Los ecos del Cañón del Colorado de Arizona retumban al sur de Aragón. Es fácil ligar mentalmente estas badlands turolenses con este y otros paisajes de Estados Unidos como el de Monument Valley en Utah. Evidentemente las dimensiones son bien distintas, pero hay similitudes geológicas que los unen. Para empezar ese tono rojizo de la tierra que cuando recibe con fuerza los rayos de sol brilla de forma casi ardiente. Un color que se debe a la alta concentración de óxido de hierro en esos suelos. Y también el carácter de terreno muy erosionado es un rasgo que emparenta la Rambla de Barrachina con los icónicos panoramas norteamericanos. Aquí se trata de tierras arcillosas que son esculpidas a golpe de fuertes tormentas y lluvias torrenciales, mientras que la acción constante del viento las pule y las contornea incesantemente. La perseverancia de la meteorología durante milenios ha tallado esas paredes y en los episodios más torrenciales quiebra las verticales o abre grietas en el suelo que obligan a dar algún que otro salto durante el paseo.

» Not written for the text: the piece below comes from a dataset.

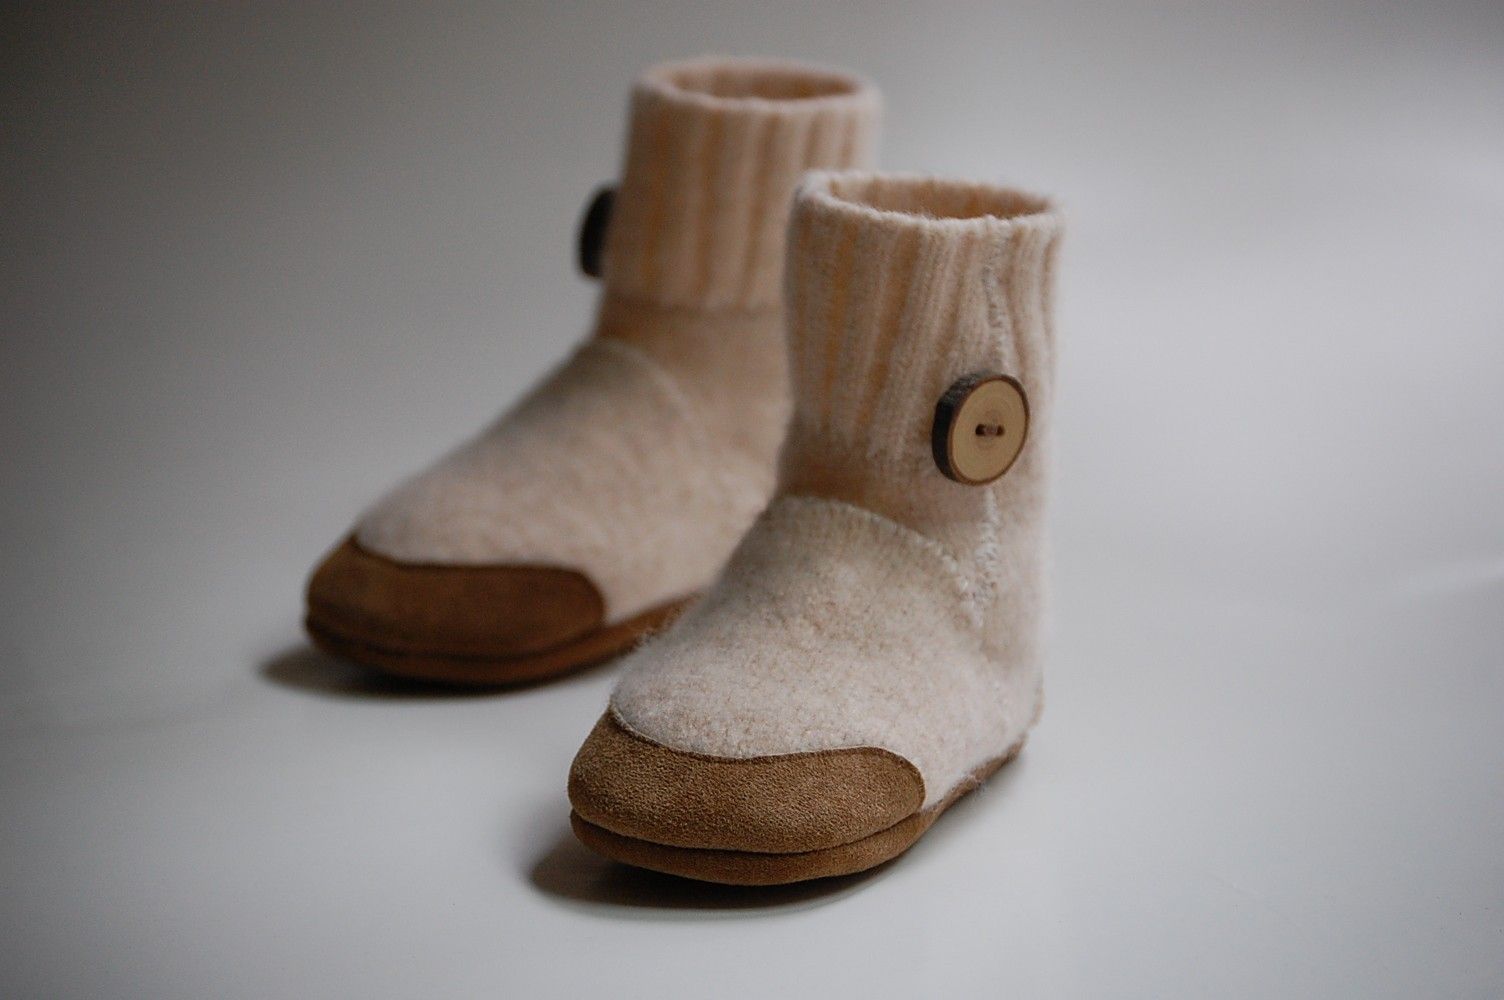 Recycled lambswool baby boots from Wooly Baby

Eso ocurre especialmente en la parte más baja y al comienzo del itinerario. Un tramo espectacular para empezar y que lleva hasta una pista más o menos amplia por la que se inicia el ascenso hasta el área superior del paisaje. El desnivel es de unos 200 metros y la pendiente más bien suave, de manera que es un camino accesible para cualquier senderista. Un pequeño esfuerzo que merece la pena ya que la ascensión ofrece distintos visionados del llamado Cañón Rojo. O sea que casi sin darse cuenta se alcanza la meseta que se eleva sobre la zona.
Cuando la luz del atardecer pega en estas paredes, parece que las abrase
Es la conocida como Muela de Teruel y con sus 1.050 metros de altitud se convierte en un fabuloso mirador sobre el entorno. No solo se divisan los campos y montes próximos o el discurrir de la Rambla de Barrachina en su conjunto. También se aprecia la cercanía del casco urbano turolense y los páramos elevados que rodean la ciudad de los Amantes. Incluso es visible tanto el valle del Turia como el Pico Javalambre.
El primero de los consejos a tener en cuenta es elegir un buen día para emprender la excursión a la Rambla de Barrachina y la Muela de Teruel. Por la altura, el paisaje desnudo y la cercanía a los Montes Universales y la Sierra de Albarracín, aquí el invierno es duro. Frío y viento pegan con fuerza. Así que no es la mejor época para la visita. Y tampoco es muy recomendable elegir un día de lluvia o tras un periodo lluvioso, ya que el suelo de arcilla se convierte en un barrizal impracticable. Por cierto, aunque se vaya con el terreno seco, hay que llevar calzado de montaña para evitar resbalones desagradables, incluso muy peligrosos si ocurren al borde de los precipicios.
Otro factor a tener en cuenta es que la sombra es casi inexistente. La vegetación es escasa y de porte pequeño. Únicamente alcanzan cierta altura las sabinas, unos árboles tan resistentes a las malas condiciones que son capaces de desarrollarse incluso aquí. De manera que al no haber sombras, no es buena idea acudir los días de intenso calor veraniego. Por ello, primavera y otoño dejan los mejores días para la escapada. Pero atención, porque se vaya cuando se vaya, que nadie se olvide ni la crema solar ni el agua, ya que no hay fuentes a las que recurrir.
Una vez que se siguen estos consejos, ya no hay que asustarse por el carácter inhóspito del lugar. De hecho, ahí radica su atractivo. En esa invitación a la soledad, al silencio y a empequeñecer ante la imponente naturaleza. Un lugar para caminarlo en silencio, viviendo la experiencia e inspirándonos en esa belleza sobrecogedora y agreste que ya nos ha cautivado al verla en la tele y en el cine.